1) Effective Total Capacitance in uF:  Accounts for the application circuit (series/parallel) where more than one capacitor is involved. 
Individual capacitor capacitance values are so high, they are rated in units of Farads. 
1F (Farad) =1,000,000uF (micro Farads) hence a 0.1F = 100,000uF and 1000uF = 0.0001F

2) Estimated Energy Storage in J (Joules):  Result of calculation using equation E(J)= 1/2*C*V^2. 
C in Farads as defined by circuit (series or parallel).  V = Total voltage of the series capacitors. 
Super Caps with both 2.5V and 2.7V ratings are used in different KA designs. 
This energy storage calculation removes both the motor load variable and the KA design variables when comparing KA's.
This energy storage calculation assumes the capacitor(s) start fully charged and are then fully discharged down to 0V. 
In reality, the capacitors are never completely discharged to 0V because the KA circuit OR the decoders themselves quit running when the voltage drops down to low.
Another indication of how long the KA will last is found in the HO Scale Run category.
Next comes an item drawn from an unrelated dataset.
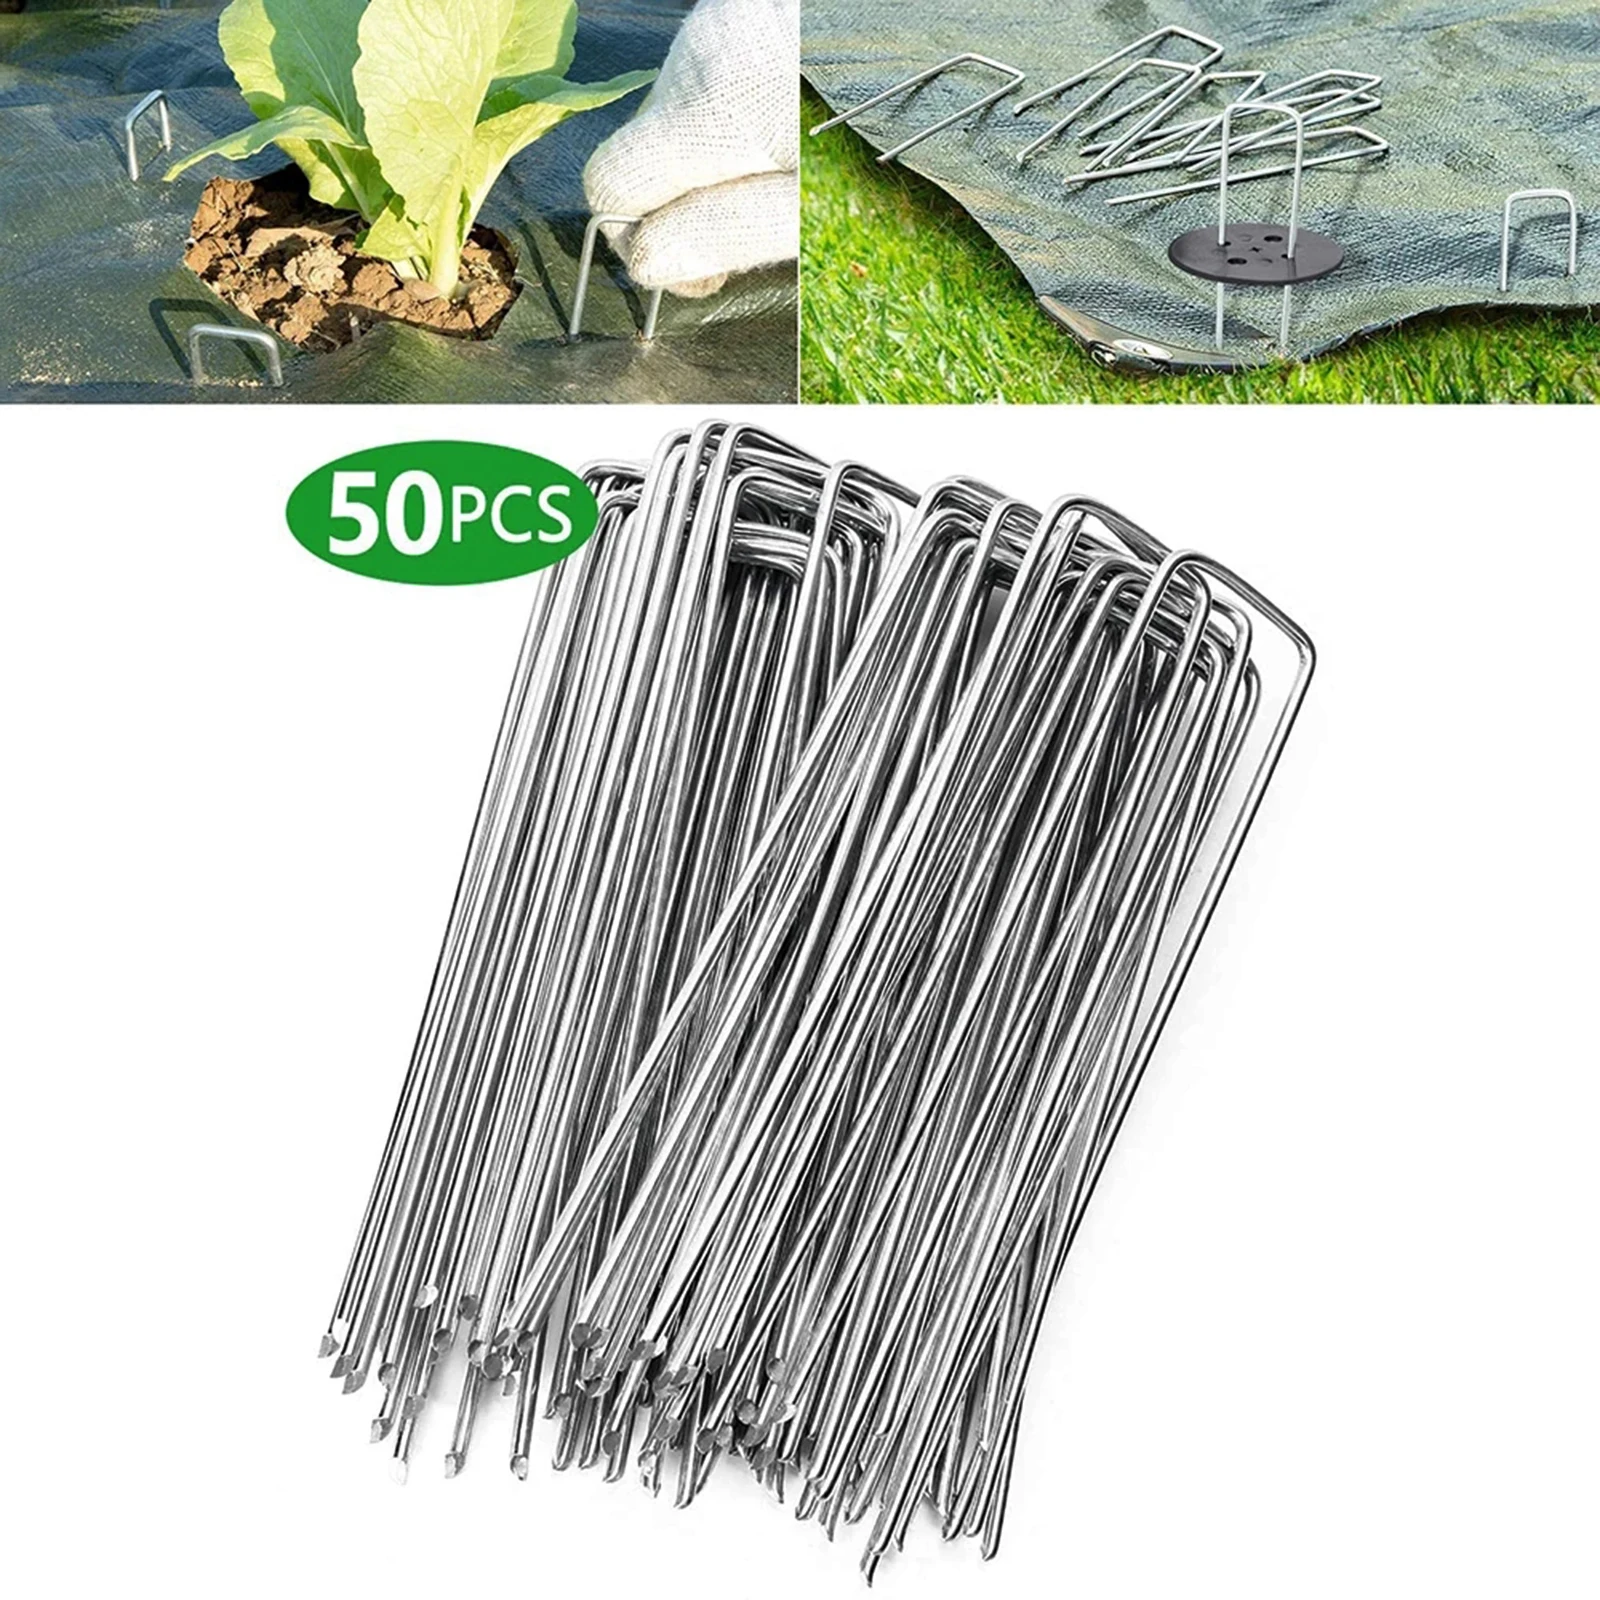 50pcs U-Shaped Fixing Nail Galvanized Steel Garden Pile Turf Nails For Fixing Weed Fabric Landscape Mesh Net

3) Available Voltage:  The max potential voltage available to run the decoder a the very start of discharge (Loss of track power). 
Unreg = Unregulated design is where the KA output voltage drops with discharge.   
Reg = Regulated design where the output voltage is maintained during KA discharge until capacitor is depleted.  Output voltage is independent of the track voltage.
See section 4 for more information.

4) Track Voltage Range:  The range of DCC track voltage the Keep Alive can operate over.  KA's have very simple or limited over voltage protection.  Hence greatly exceeding the maximum track voltage can damage the Keep Alive.   Max voltage information is based on manufacturing data or by inspection of circuit design.  If no data given, assume typical HO scale track voltages are acceptable since that is the target marker for most of these KA devices..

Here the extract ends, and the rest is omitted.